Most likely, to a better one.
It will bring you a new journey that you’d never imagine before.
The struggle is real for sure.
But it makes you stronger and more open-minded.
My biggest step getting out of my comfort zone
I am originally from Indonesia.
A beautiful and rich country but full of controversial.
People are VERY nice, polite, and helpful.
For 28 years, I was (so) used to the culture and pace of life there.
Live was so easy for anything.
Most families (at least my circle of friends) there have maid(s) or also known as “house assistant”.
We got helped with anything we needed. From laundry, cleaning, cooking, driving, and many more!
I had good life, good job, and surrounded by lovely people there.
But deep inside me always wanted to live abroad.

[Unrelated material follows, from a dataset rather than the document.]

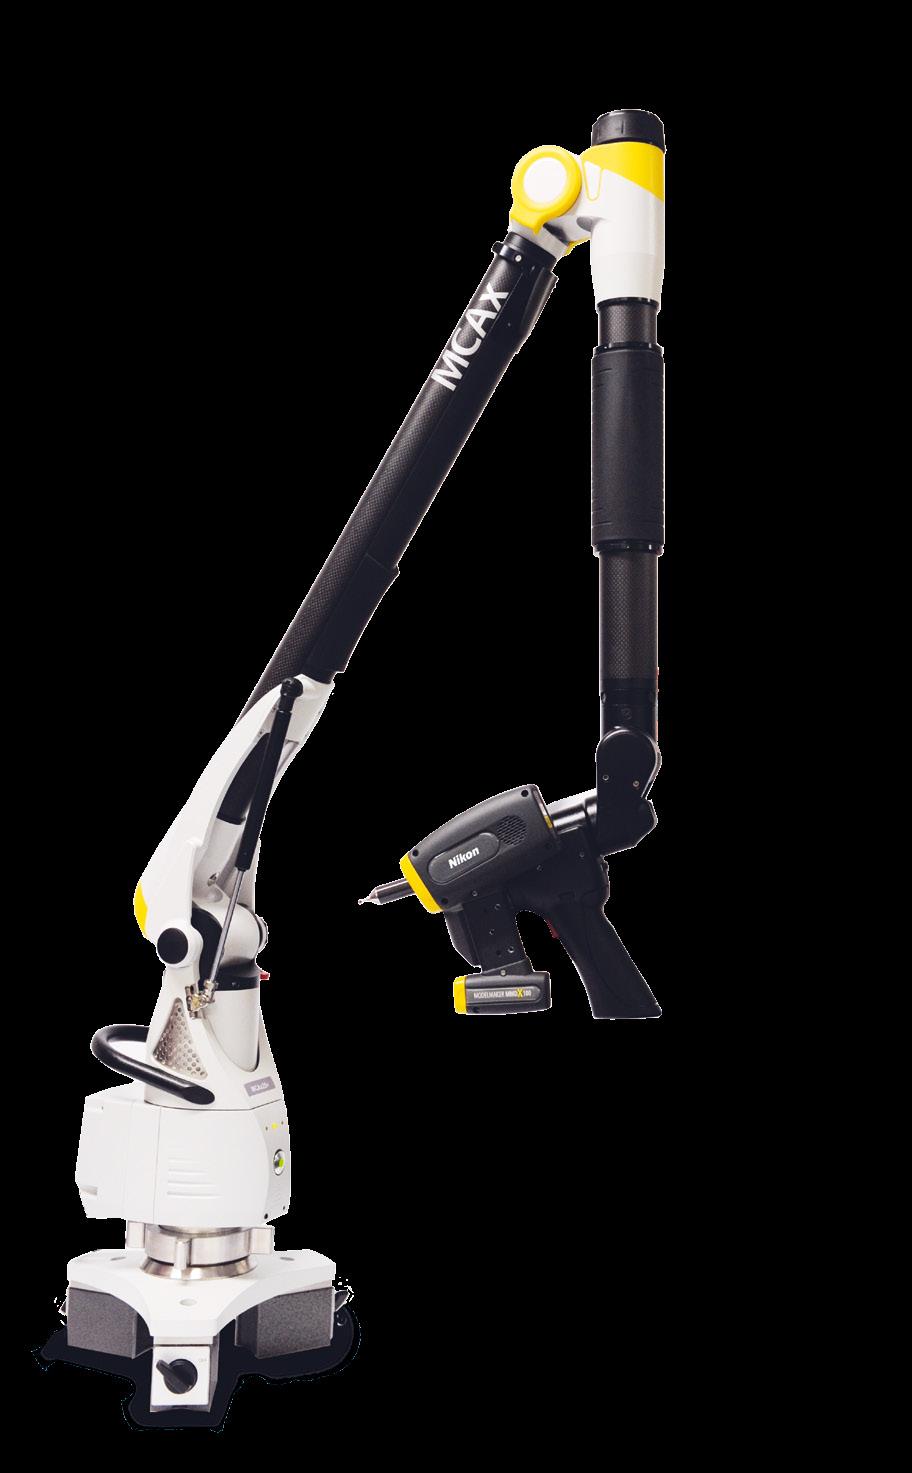 ACCURACY, USABILITY AND PORTABILITY The MCAx Manual Coordinate measuring Arm, is a precise, reliable and easy-to-use portable 7-axis measuring system.

To try an independent life.
End of 2013, I decided to move to Canada.
The most question asked was if I would be able to “survive” there.
1. I have allergic of cold weather! (Hey, Canada is COLD!)
2. I never did any house-work. I couldn’t cook, I never cleaned my own bedroom, never did laundry, nothing!
3. I had an "OK" English
4. I had no-one I knew in Canada. No family. No friend. No one!
5. I had no money to survive in a “good” way. LOL. (Oh, no-lol. I am serious about it)
But I did it anyway!
I moved to Canada in April 2014.
Learnt everything from scratch.
ALL. ON. MY. OWN.
For some reasons, I just have allergic of cold.
I would have little bumps and lumps all over my body in cold weather.
There’s nothing I can do with it.
But I learnt how to stay fit and healthy makes me stronger and I can avoid having this allergic in certain ways.
I was even outside standing without shelter, waiting for bus for 40 minutes in snowstorm – and I was FINE!
I learnt how to do house-work on my own.
I was grumpy in the first month, but I remember that it was my decision.
So I did it anyway!
After several years, I think I’m used to it.
Ohhh, I really studied so hard! Day and night!
Spoke English anytime, anywhere, and with anyone – sometimes with strangers I met in the park (LOL)!
Joined forums and read more a lot of articles.
Asked some native-speaker friends to check and correct my English – with no hard feeling!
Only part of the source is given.